Misra also said that multinational corporations have not done enough to prove to consumers that their supply chains are not tainted with forced labor. Multinational corporations need to exert their significant power as buyers to hold suppliers accountable to supply chains free of forced labor. Companies argue that it is too difficult or expensive to completely map their supply chains. If nongovernmental organizations (NGOs) and the media can do it, however, companies can too.“Two of the export sectors with the highest numbers of forced laborers in the region are the seafood and ready-made garment industries, she added.
Read Misra’s full testimony.
The U.S. State Department’s decision to downgrade Thailand, Malaysia and Venezuela in its 2014 Trafficking in Persons report “should compel (those governments) and other countries with serious human trafficking problems to step up their efforts to fight this horrific human rights crime,” says Melysa Sperber, director of the Alliance to End Slavery and Trafficking (ATEST). The Solidarity Center is one of 11 ATEST member organizations.
The three countries were among seven on the department’s “Tier 2 Watch List,” a designation that indicates governments do not fully comply with the U.S. Trafficking Victims Protection Act’s minimum standards, but are making significant efforts to bring themselves into compliance with those standards. The other four countries—Afghanistan, Barbados, Chad and Maldives—were upgraded to “Tier 2.” The Solidarity Center works with partners in Thailand and Malaysia to address forced labor and human trafficking.

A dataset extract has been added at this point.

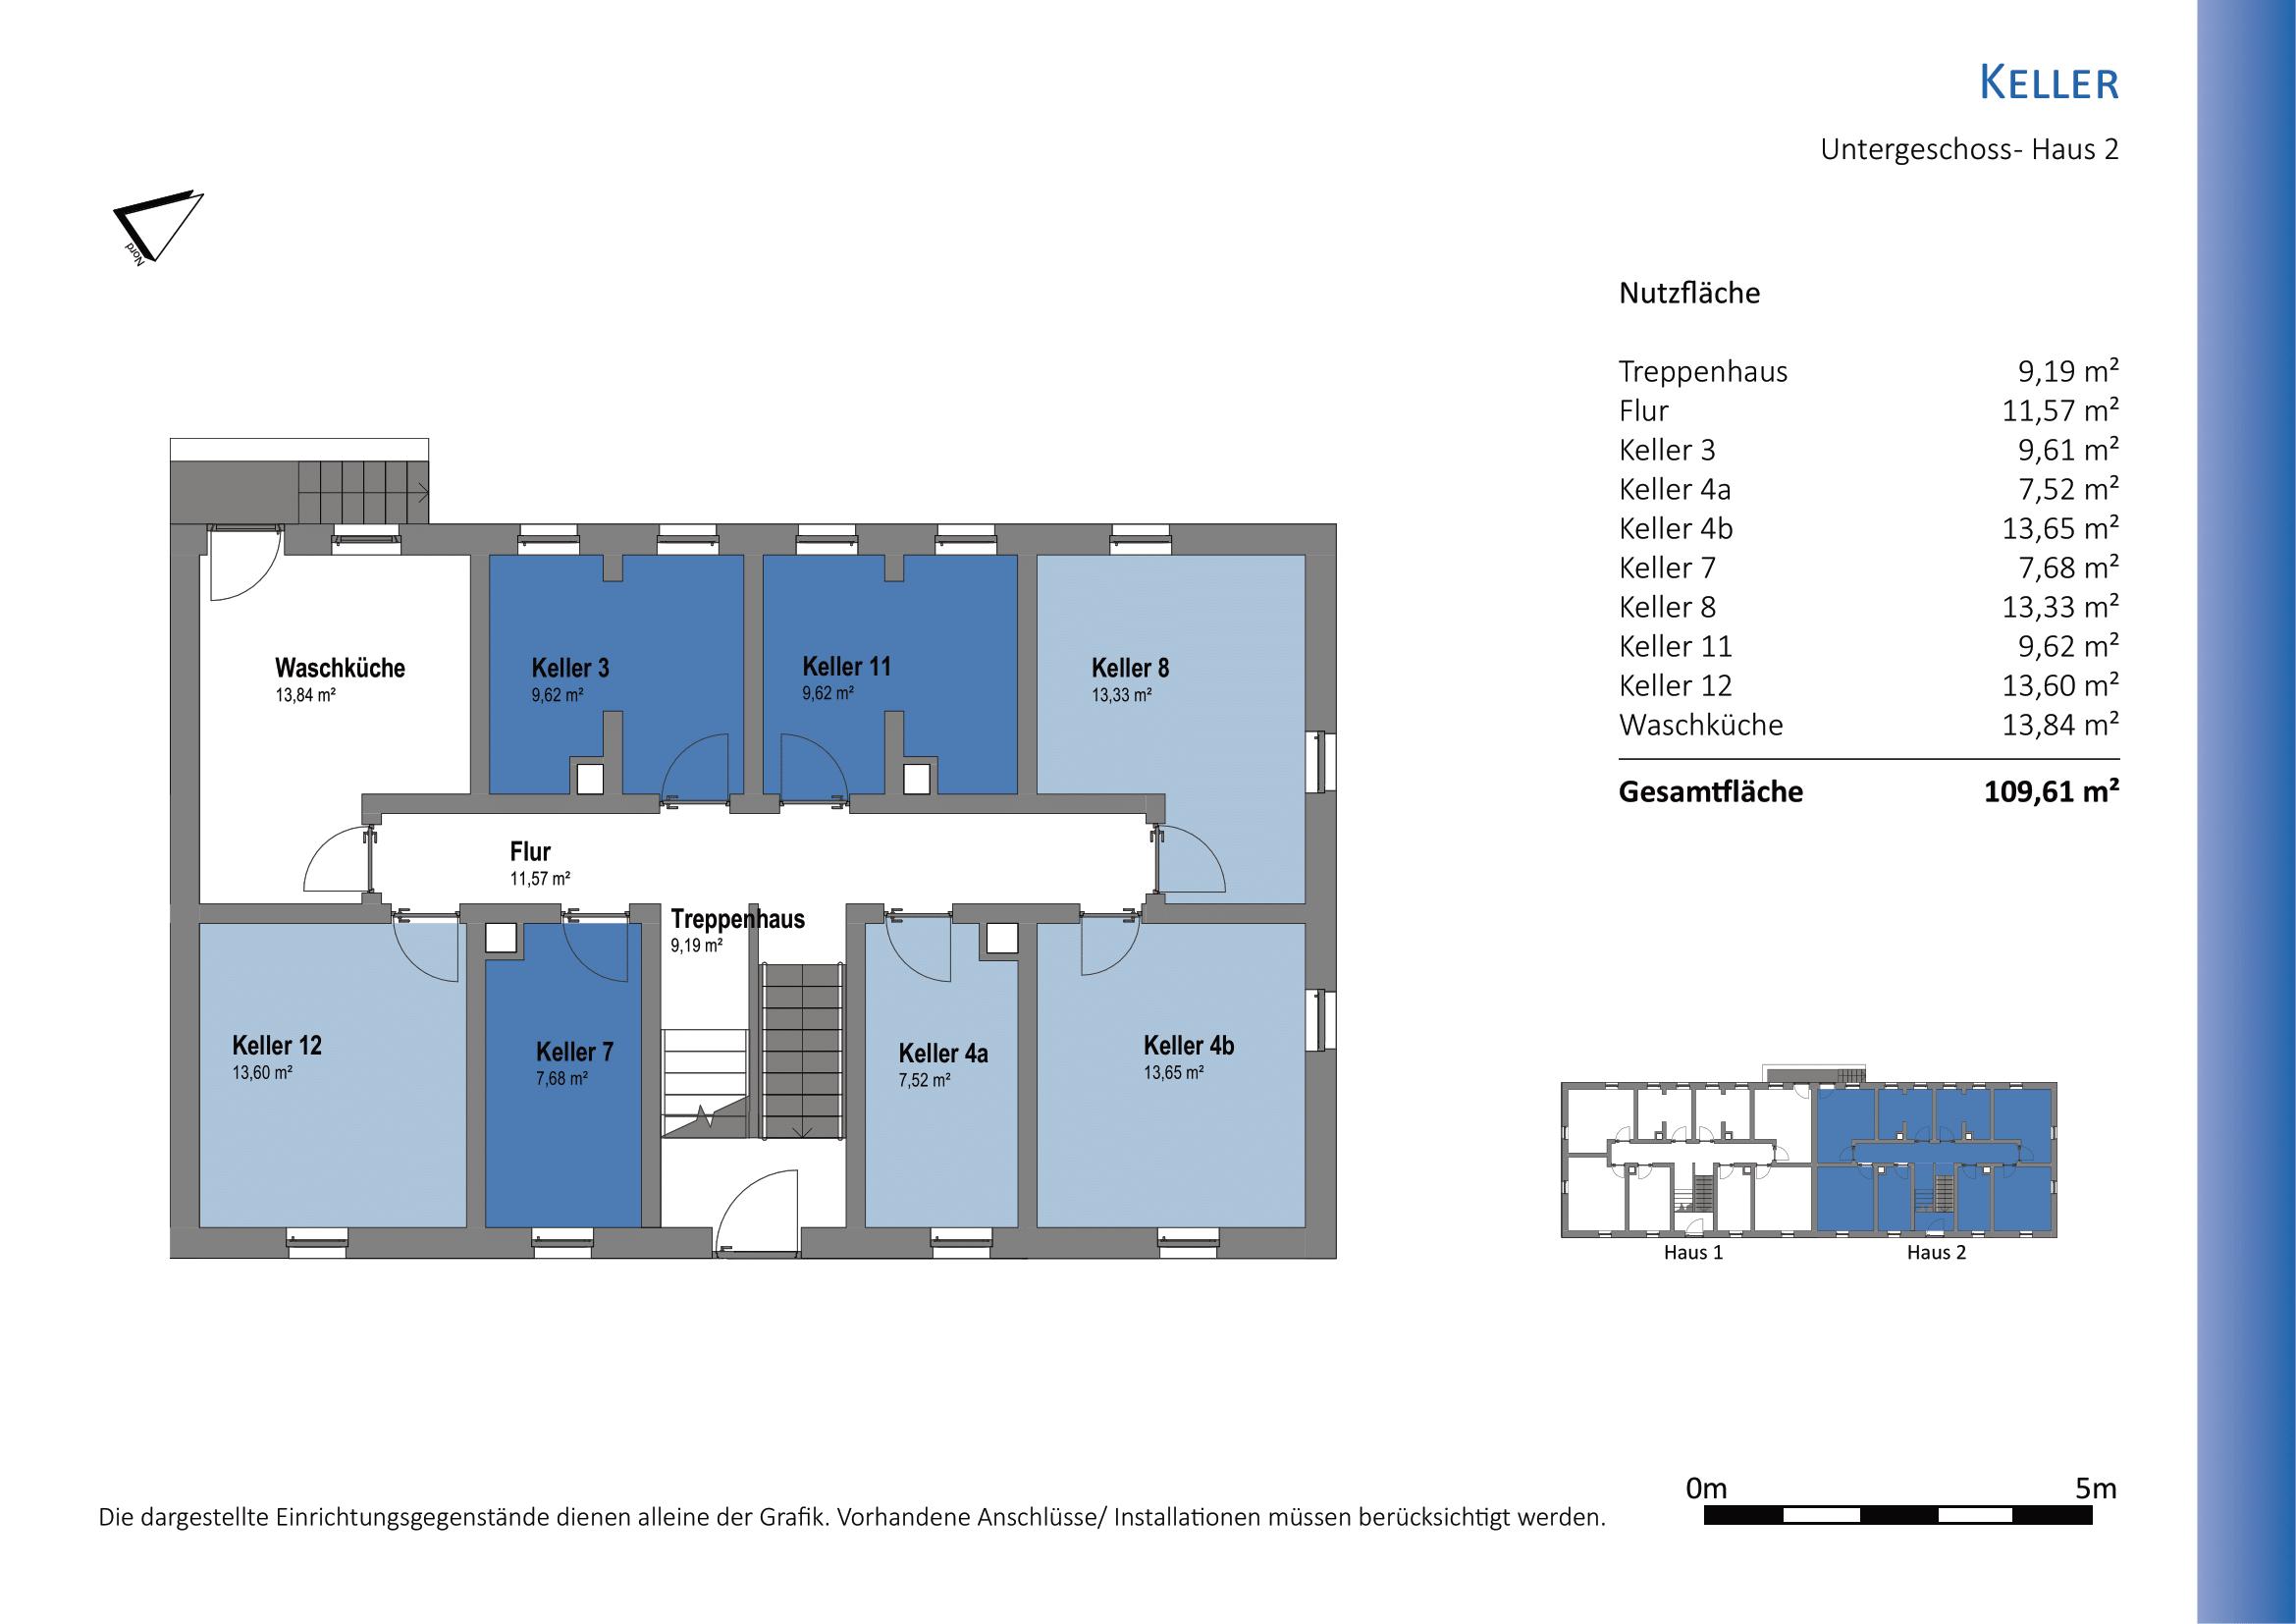 Keller Haus 2

By law, countries on the “Tier 2 Watch List” must be moved to another tier after two years. Human rights organizations and worker advocates had also called for Afghanistan, Barbados, Chad and Maldives to be downgraded to “Tier 3,” a designation that makes the countries liable to sanctions, which could include the withholding or withdrawal of U.S. non-humanitarian and non-trade-related assistance.

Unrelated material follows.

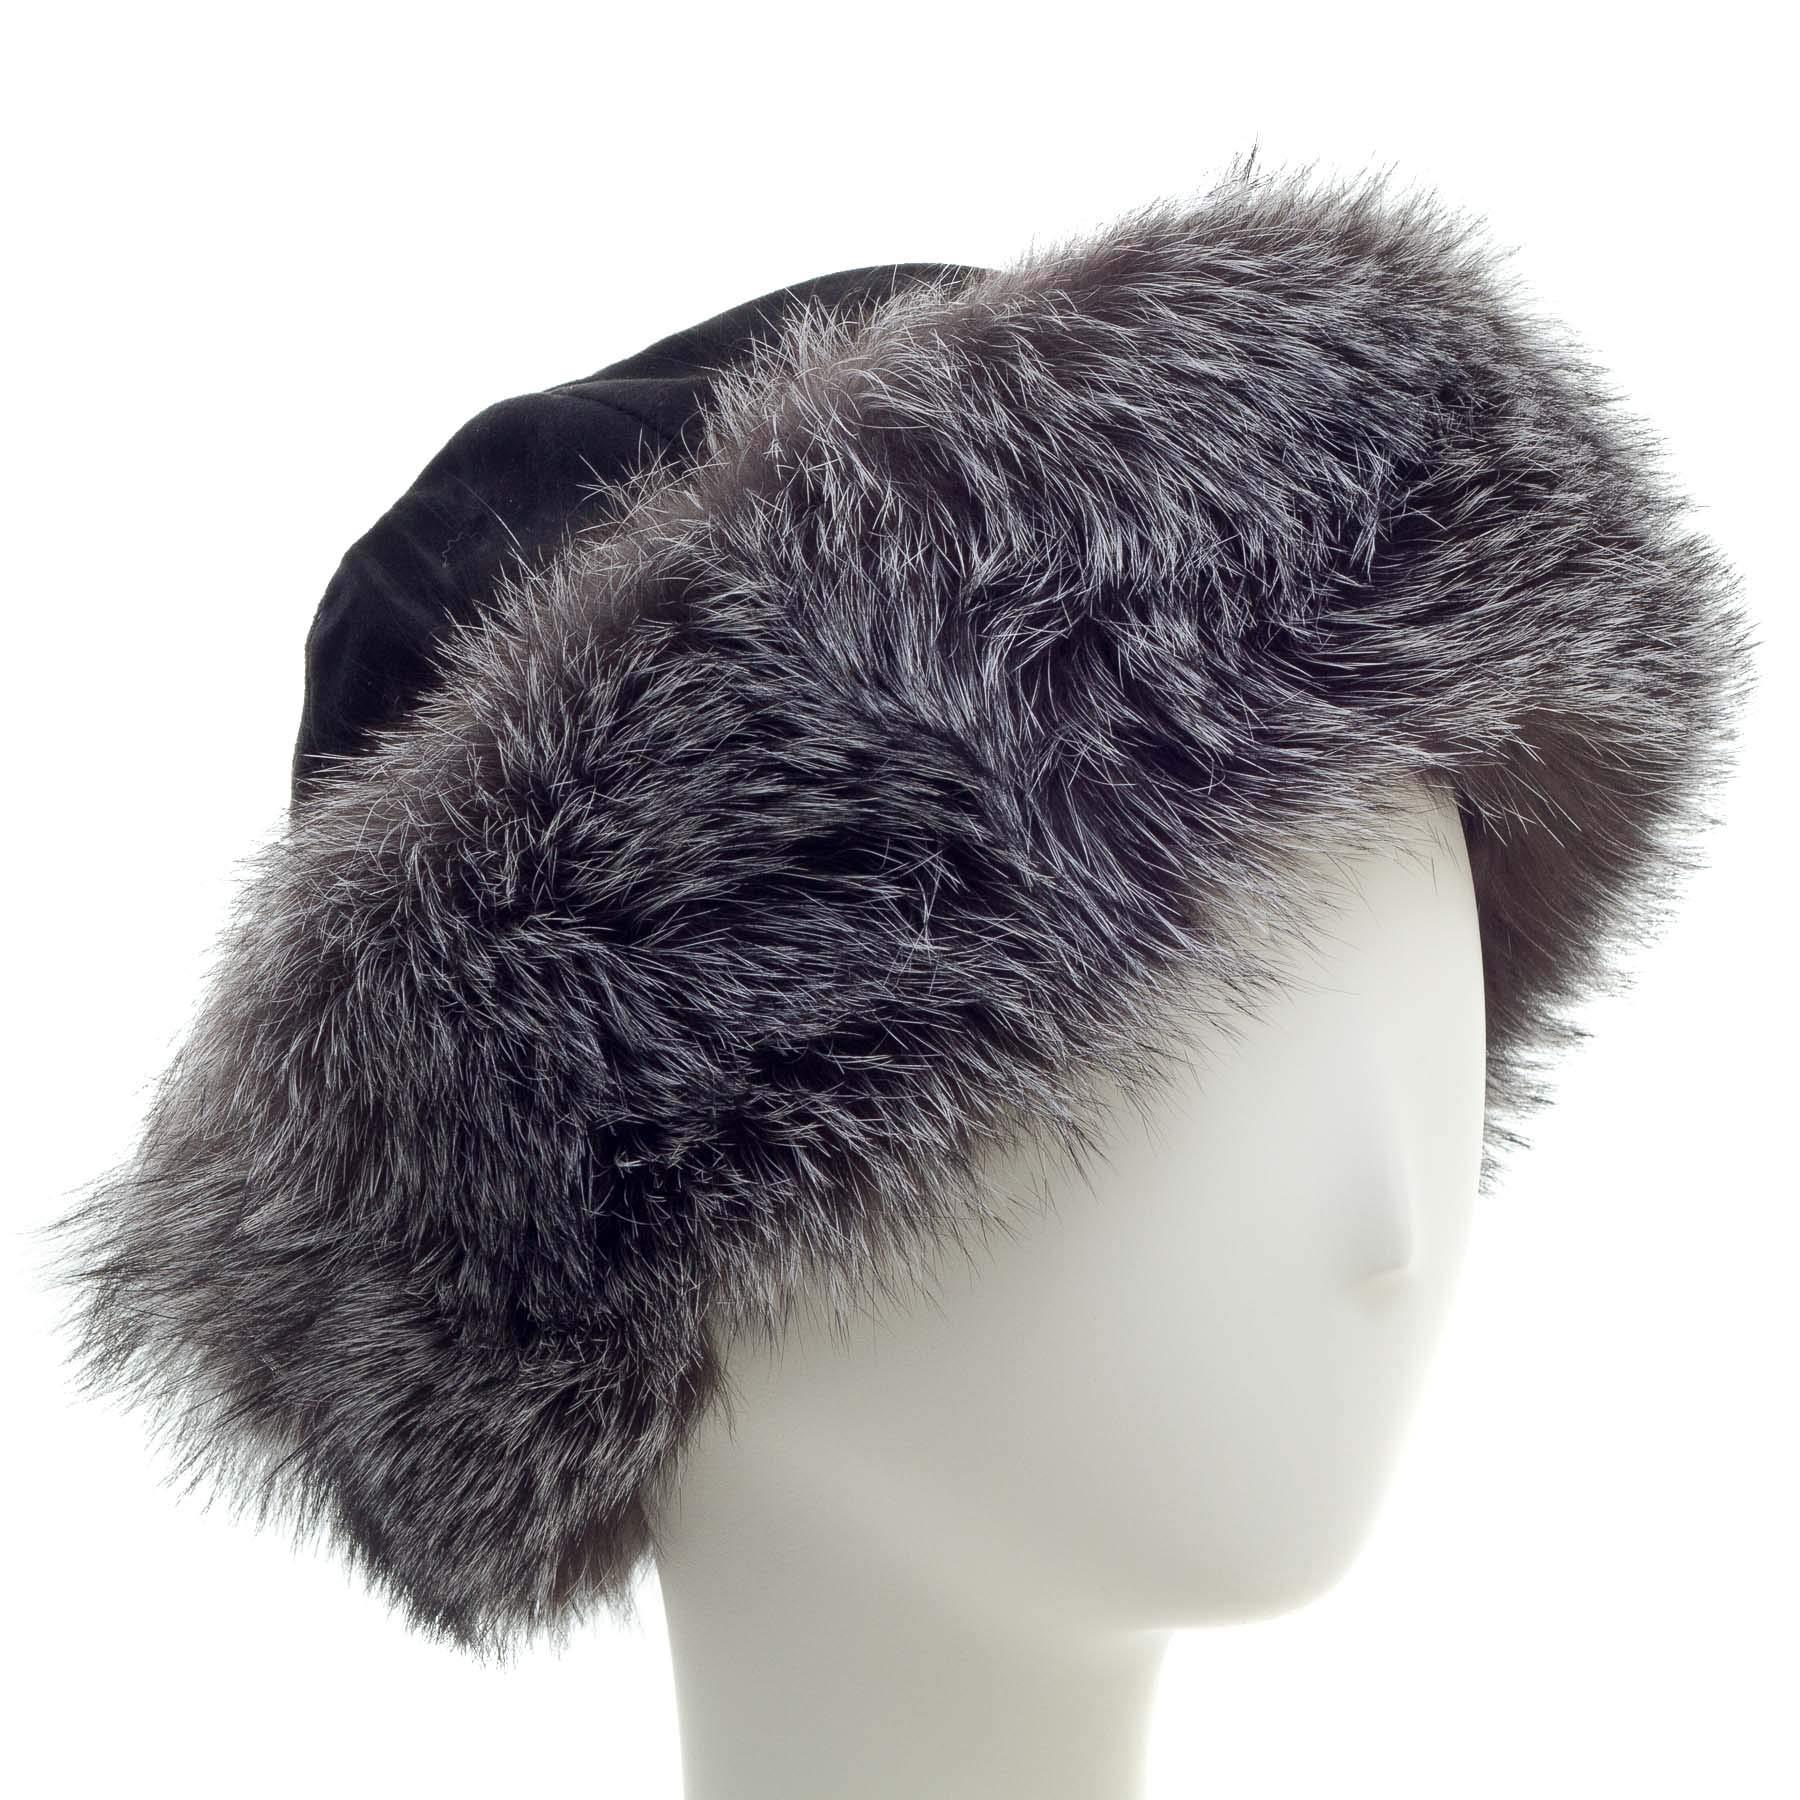 surell Fox Cuff Winter Hat - Warm Winter Fashion - Bridal Wedding Attire Black by surell (Image #1)

More than 20 million people are victims of human trafficking, which includes labor and sex trafficking, according to the Trafficking in Persons report. Forty-four countries are on the “Tier 2 Watch List,” including Bahrain, Cambodia, Haiti, Morocco, Qatar, Sri Lanka, Tunisia and Ukraine. Among the 23 countries on Tier 3, the lowest ranking, are Algeria, North Korea, Libya, Russia and Uzbekistan.
A coalition of anti-trafficking groups, including the Solidarity Center, applauded the State Department’s decision to maintain Uzbekistan on Tier 3. According to the report, Uzbekistan’s “government-compelled forced labor of men, women, and children remains endemic during the annual cotton harvest….There were reports that some children aged 15 to 17 faced expulsion from school for refusing to pick cotton.”
Illegal profits from forced labor account for $51 billion per year, according to the International Labor Organization (ILO). The Trafficking in Persons report highlights the high incidence of forced labor in the fishing and mining industries.
Fifty-one narratives in the report identify abuses in the fishing industry, including “men that are enslaved out on the boats out at sea” and in seafood packing, said Luis CdeBaca, Ambassador-at-Large, Office to Monitor and Combat Trafficking in Persons.
“We’ve also seen forced labor in mining noted in the narratives of 46 countries and zero prosecutions or convictions around the world, including diamond mining in North Africa and gold mining in Peru, CdeBaca said at a briefing on the report’s release Friday.
The Trafficking in Persons report, which has been issued annually for 14 years, covers 188 countries and “is a critical tool in the global fight against modern slavery and puts necessary pressure on governments to take a hard look at their efforts to stop human trafficking,” said Polaris Project CEO Bradley Myles.